I have been wanting to experiment with this project Axon with an iOS app connecting over a tcp connection. Towards the end of the doc the protocol is explained as so

The wire protocol is simple and very much zeromq-like, where is a BE 24 bit unsigned integer representing a maximum length of roughly ~16mb. The data byte is currently only used to store the codec, for example "json" is simply 1, in turn JSON messages received on the client end will then be automatically decoded for you by selecting this same codec.

With the diagram

 octet:     0      1      2      3      <length>
         +------+------+------+------+------------------...
         | meta | <length>           | data ...
         +------+------+------+------+------------------...

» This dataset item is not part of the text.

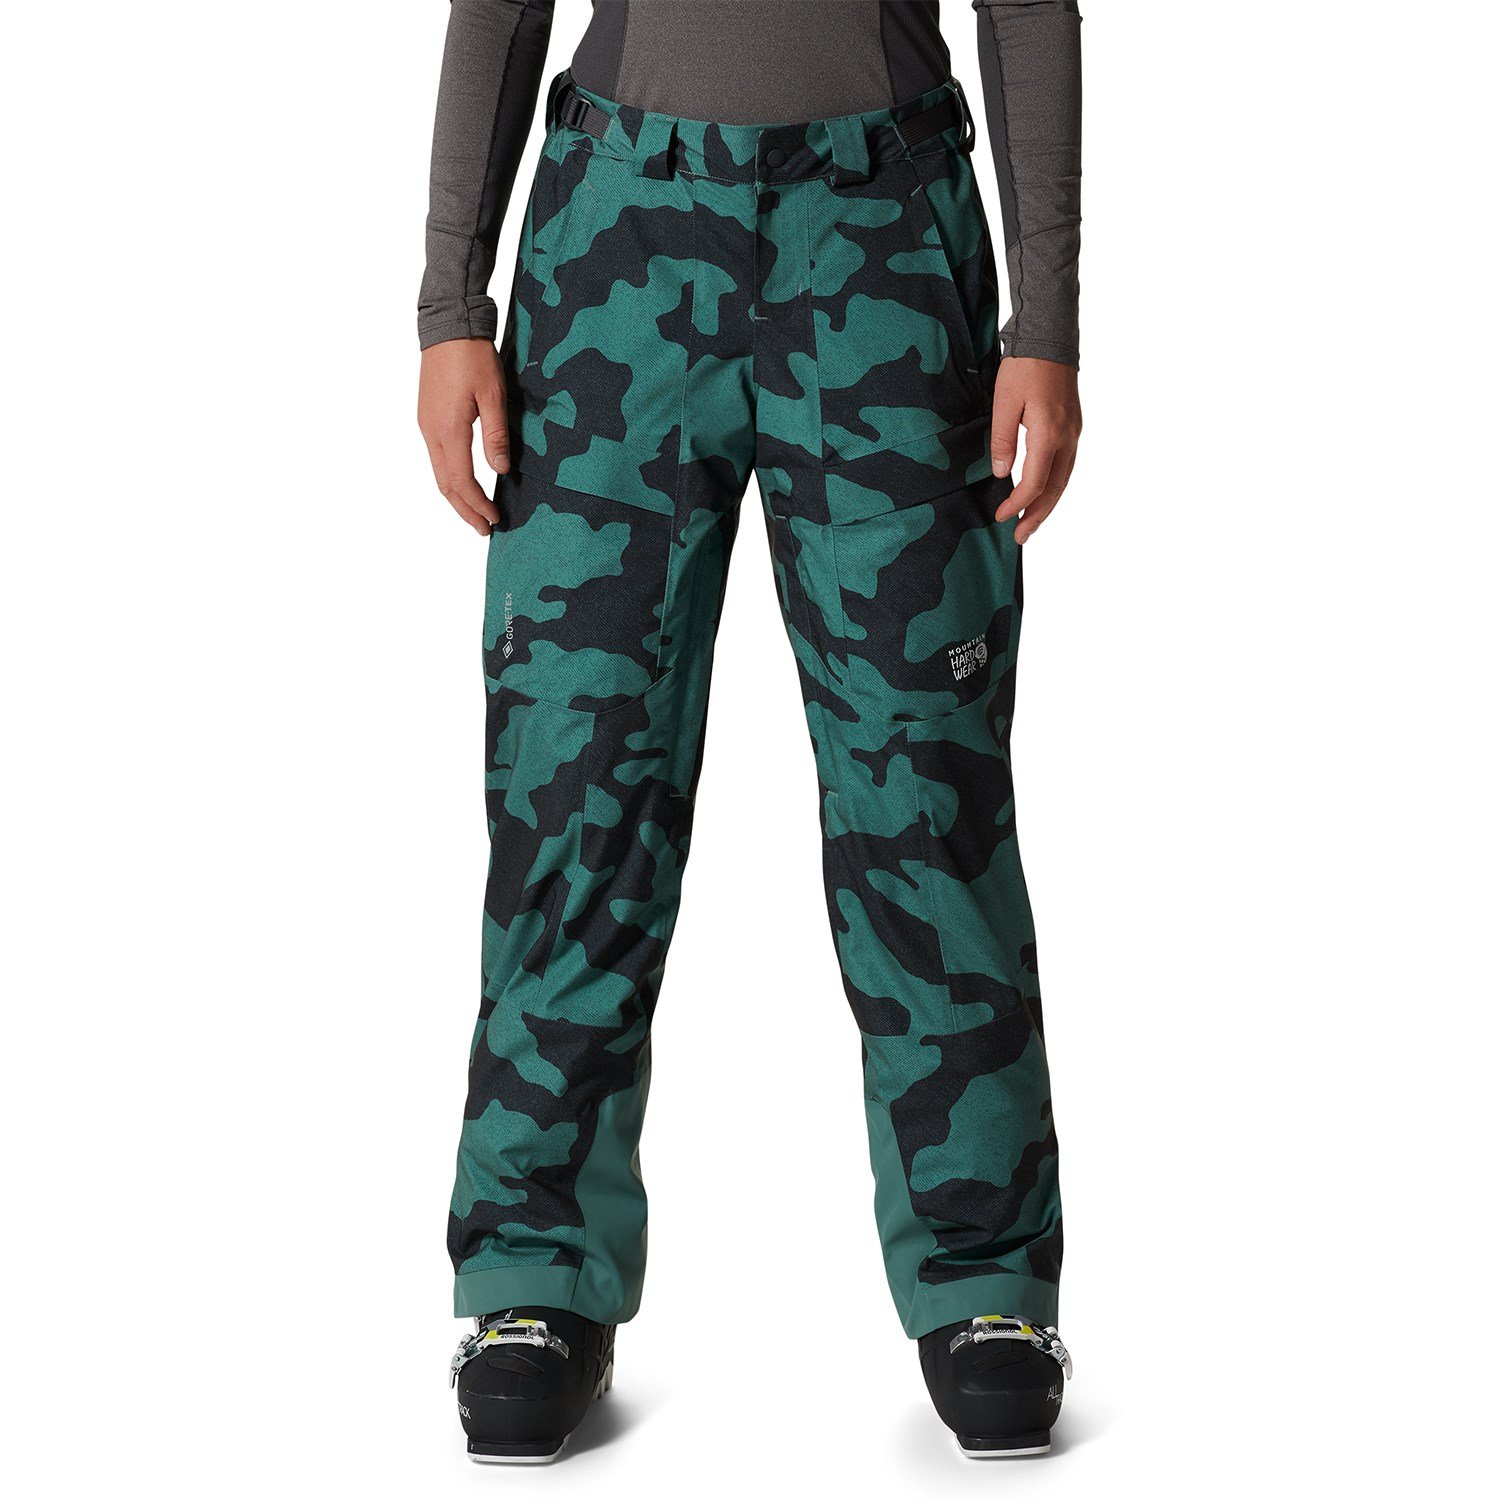 Брюки Mountain Hardwear Cloud Bank GORE-TEX Insulated, цвет Mint Palm Camo брюки turret gore tex shell pants spyder черный

I have had experience working with binary protocols creating a packet such as:

NSUInteger INT_32_LENGTH = sizeof(uint32_t);

uint32_t length = [data length]; // data is an NSData object

NSMutableData *packetData = [NSMutableData dataWithCapacity:length + (INT_32_LENGTH * 2)];
[packetData appendBytes:&requestType length:INT_32_LENGTH]; 
[packetData appendBytes:&length length:INT_32_LENGTH];                  
[packetData appendData:data];                                           

So my question is how would you create the data packet for the Axon request, I would assume some bit shifting, which I am not too clued up on.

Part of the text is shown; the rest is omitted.